RadioShack Gets Notified That It’s Out of Compliance With NYSE

RadioShack
Pedestrians walk past a RadioShack Corp. store in San Francisco. Photographer: David Paul Morris/Bloomberg

RadioShack Corp., the struggling electronics retailer, was notified by the New York Stock Exchange that it’s out of compliance with requirements because its stock has traded below $1 for 30 straight days.

Under the exchange’s rules, RadioShack has six months to get back into compliance by boosting its stock price to at least $1 on the last trading day of the month and having an average closing price at that level over a 30-day period, according to a statement yesterday.

The risk of delisting adds to RadioShack’s headaches as the retail chain attempts a turnaround under Chief Executive Officer Joe Magnacca, who is cutting costs and revamping stores. The Fort Worth, Texas-based company said last month that soft demand for mobile phones contributed to a 14 percent decline in same-store sales last quarter.

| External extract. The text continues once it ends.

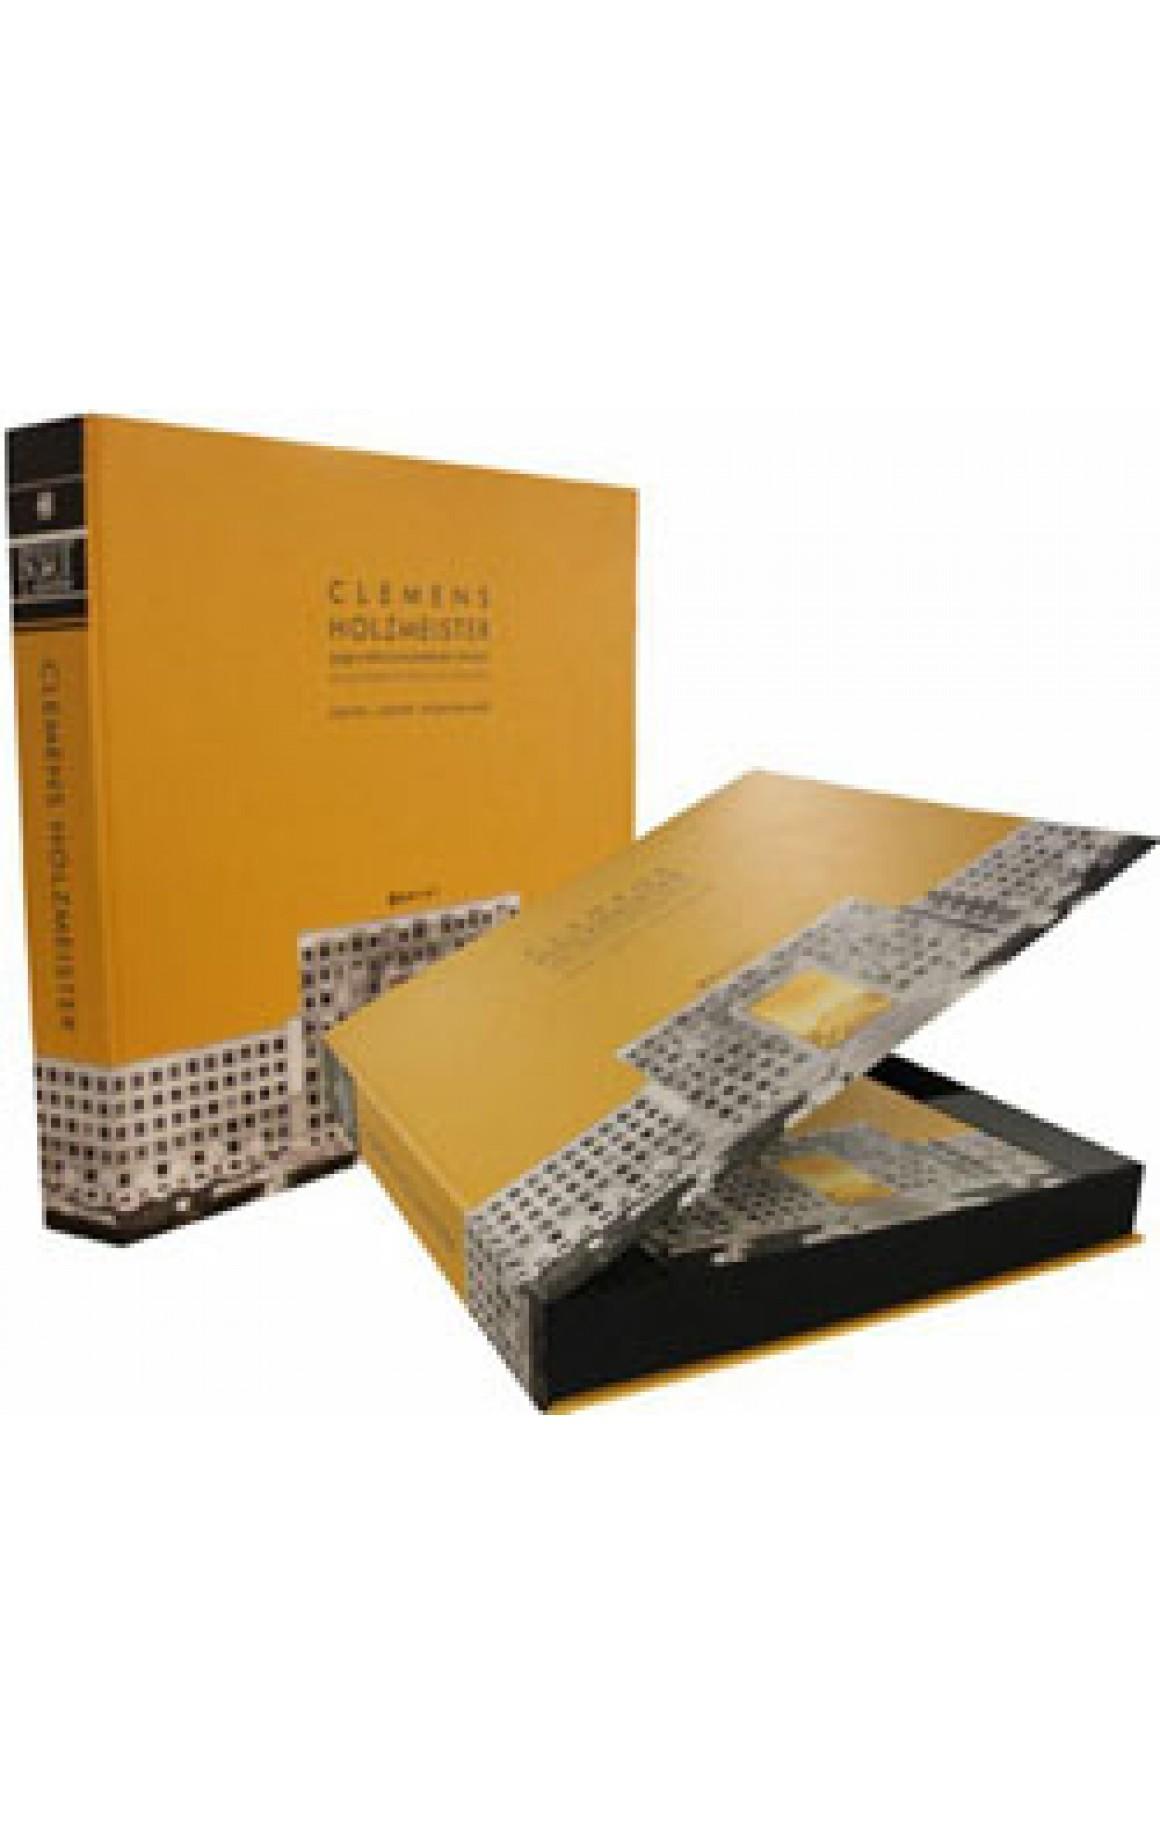 Clemens Holzmeister - Çağın Dönümünde Bir Mimar-Ciltli Kitap

Magnacca’s turnaround effort had hit a snag earlier this year when creditors blocked a plan to shut 1,100 underperforming stores, forcing RadioShack to limit closings to as many as 200 instead. RadioShack said last month that it’s continuing conversations about store closings with lenders.

RadioShack shares fell 3.5 percent to 80 cents at the close yesterday in New York. The stock has lost 69 percent of its value this year.

For now, there’s no immediate danger of the stock being delisted, RadioShack said. The company said it would consider options for getting back into compliance.